▸ RAW DATA:
########################################

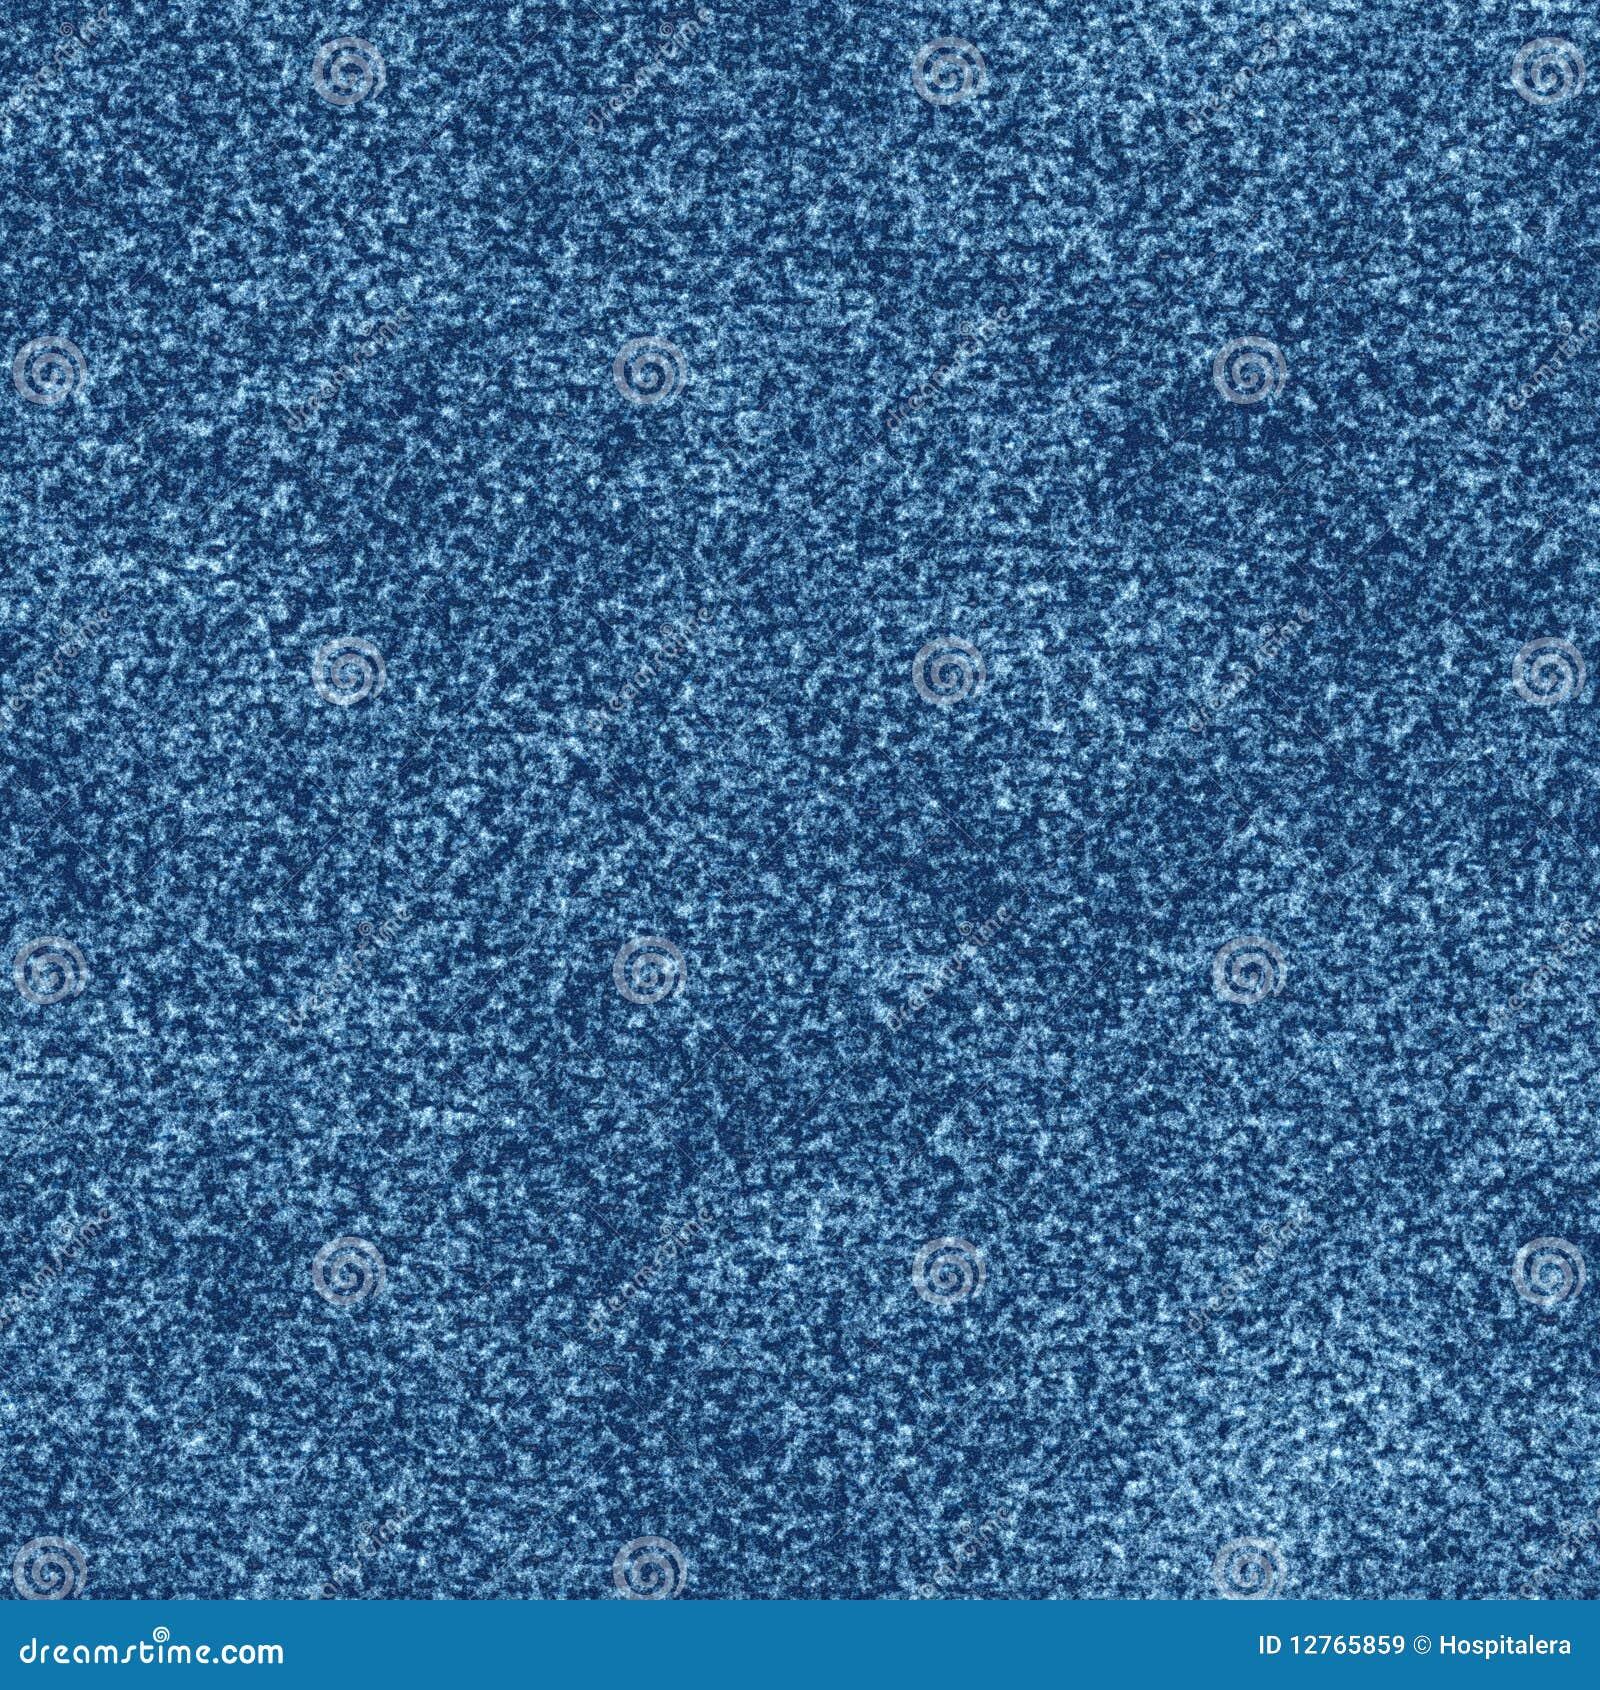 blauer teppich free sisaloptik sisaloptik with blauer. Black Bedroom Furniture Sets. Home Design Ideas
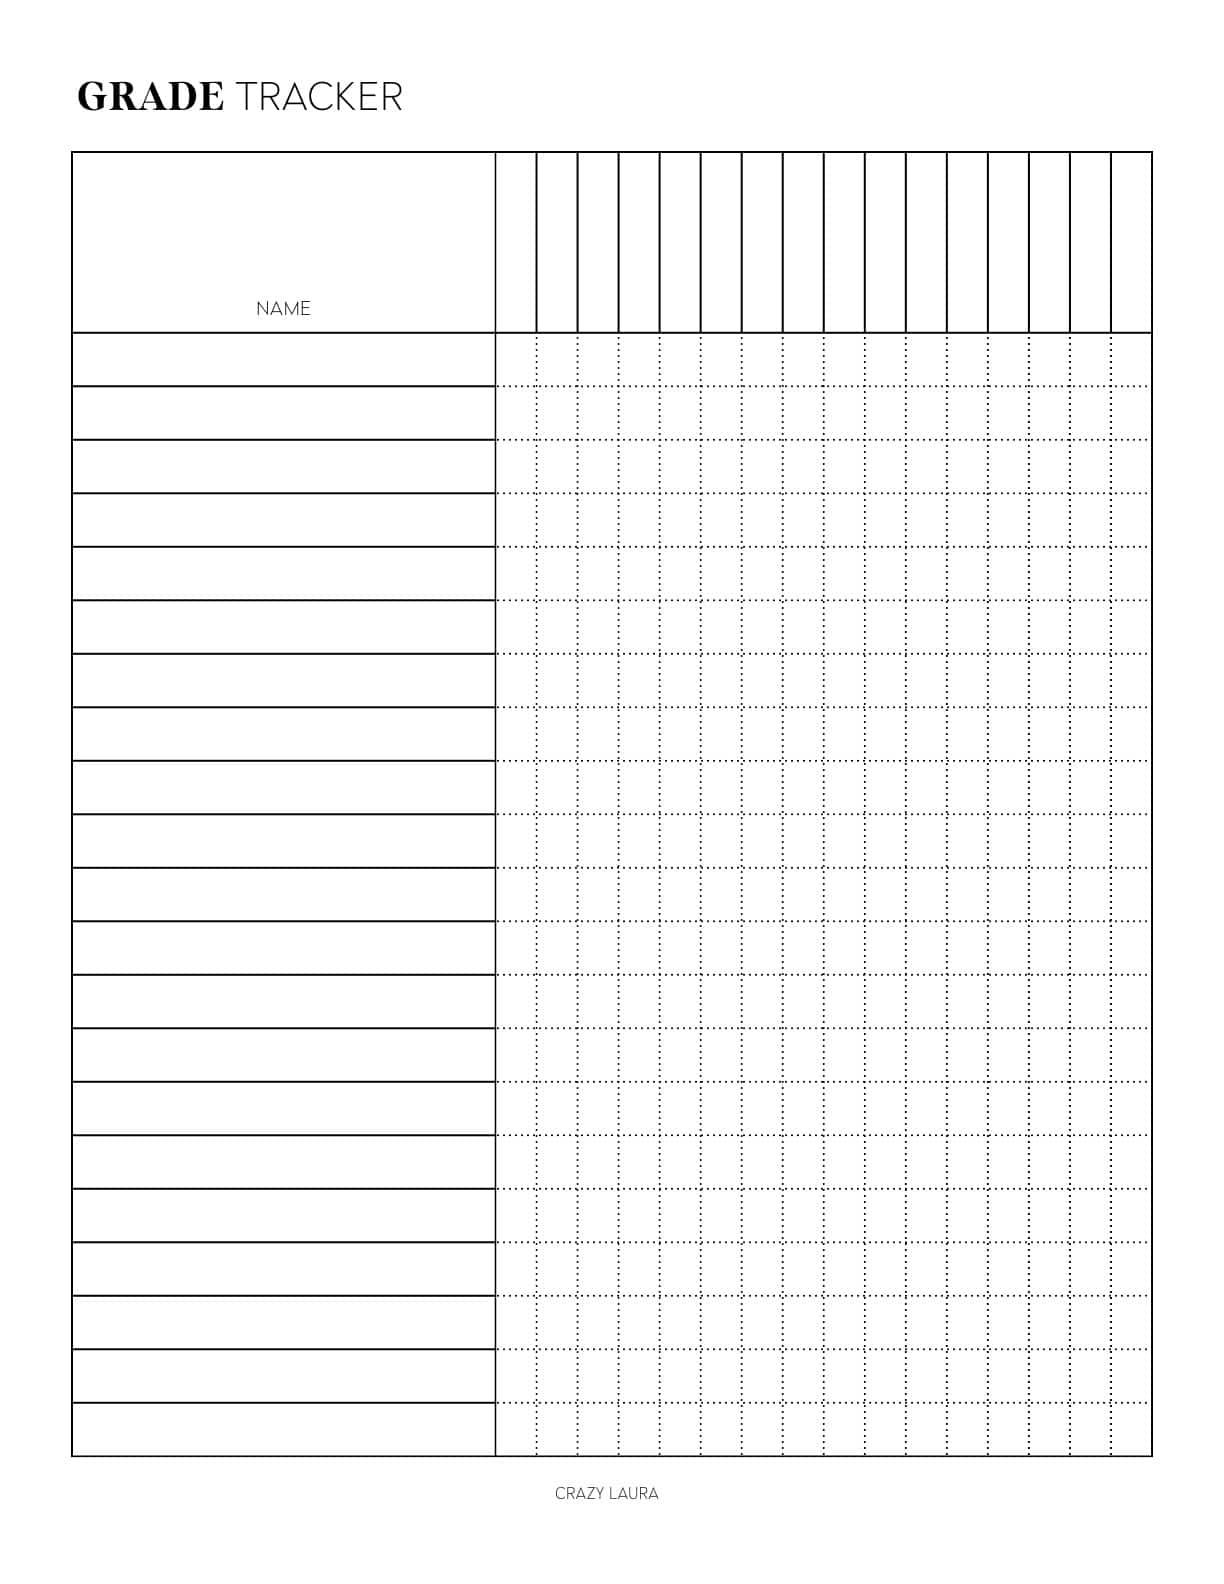 printable grade tracker for free
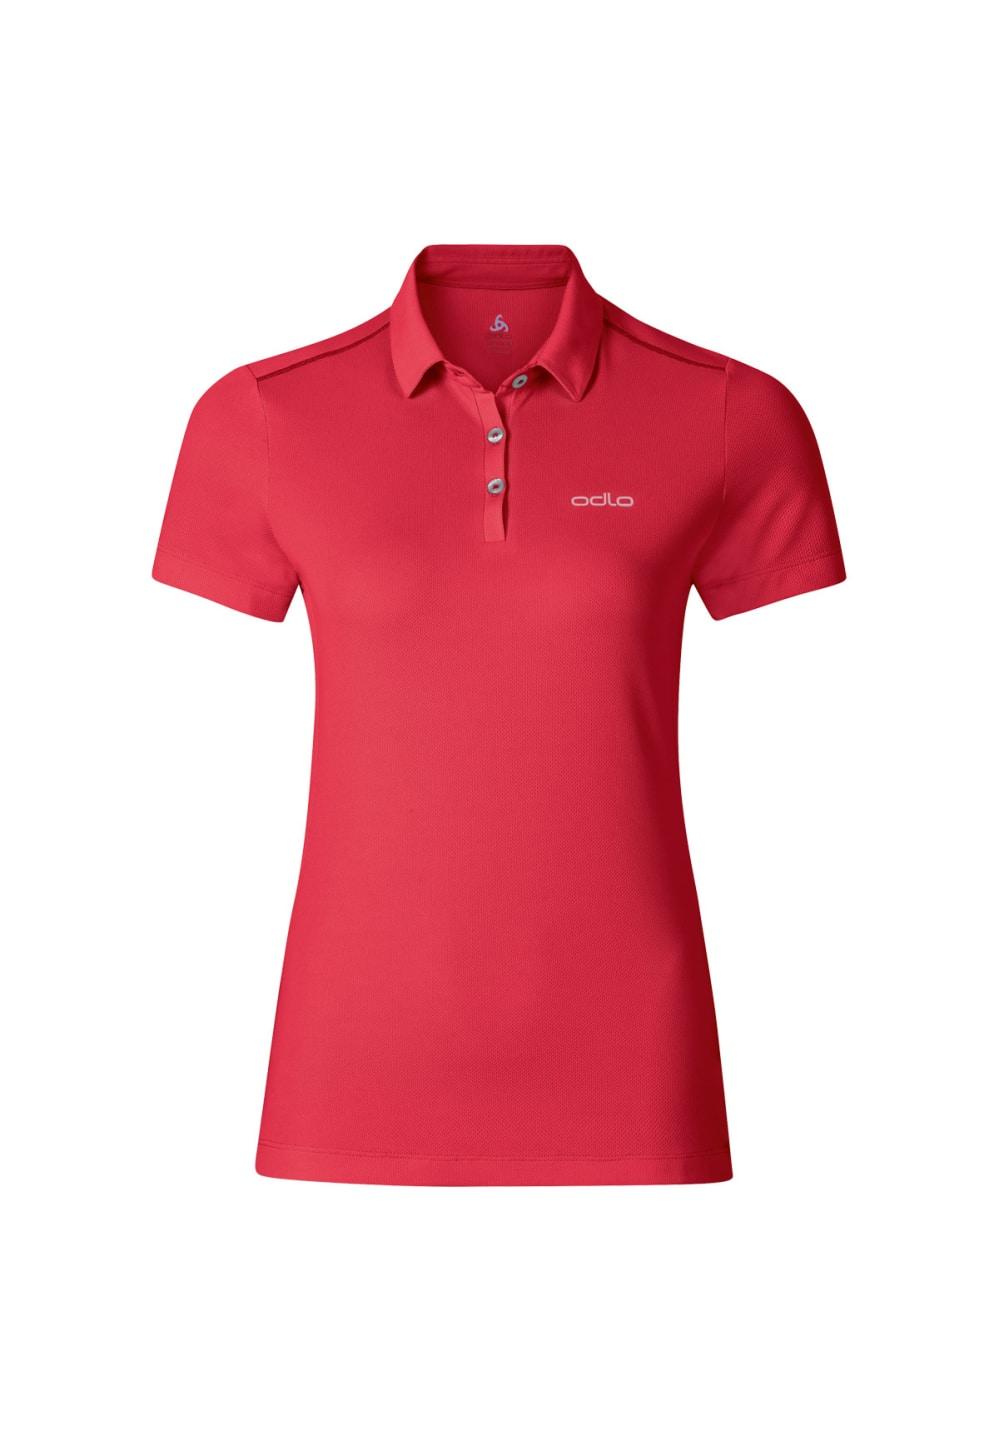 10b0de8614c768 Odlo Polo Shirt Short Sleeve Tina - Laufshirts für Damen - Rot
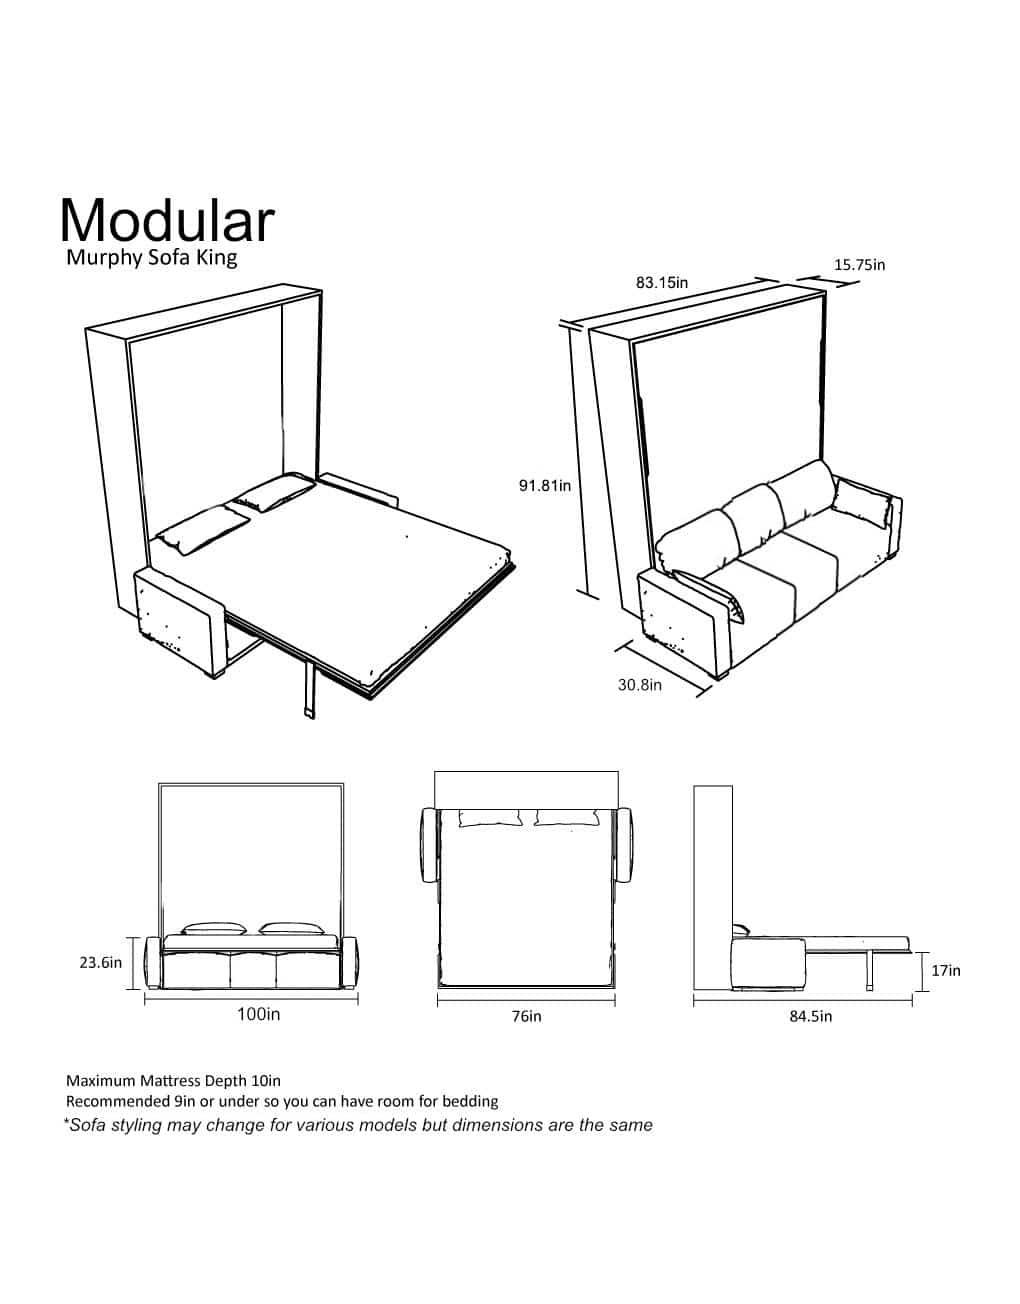 Modular King Size Sofa Wall Bed

########################################

▸ INSTRUCTIONS FOR THE TASK: Set down the data exactly as it appears, without any images.

▸ ANSWER FOR THIS EXERCISE:
 blauer teppich free sisaloptik sisaloptik with blauer. Black Bedroom Furniture Sets. Home Design Ideas
 printable grade tracker for free
 10b0de8614c768 Odlo Polo Shirt Short Sleeve Tina - Laufshirts für Damen - Rot
 Modular King Size Sofa Wall Bed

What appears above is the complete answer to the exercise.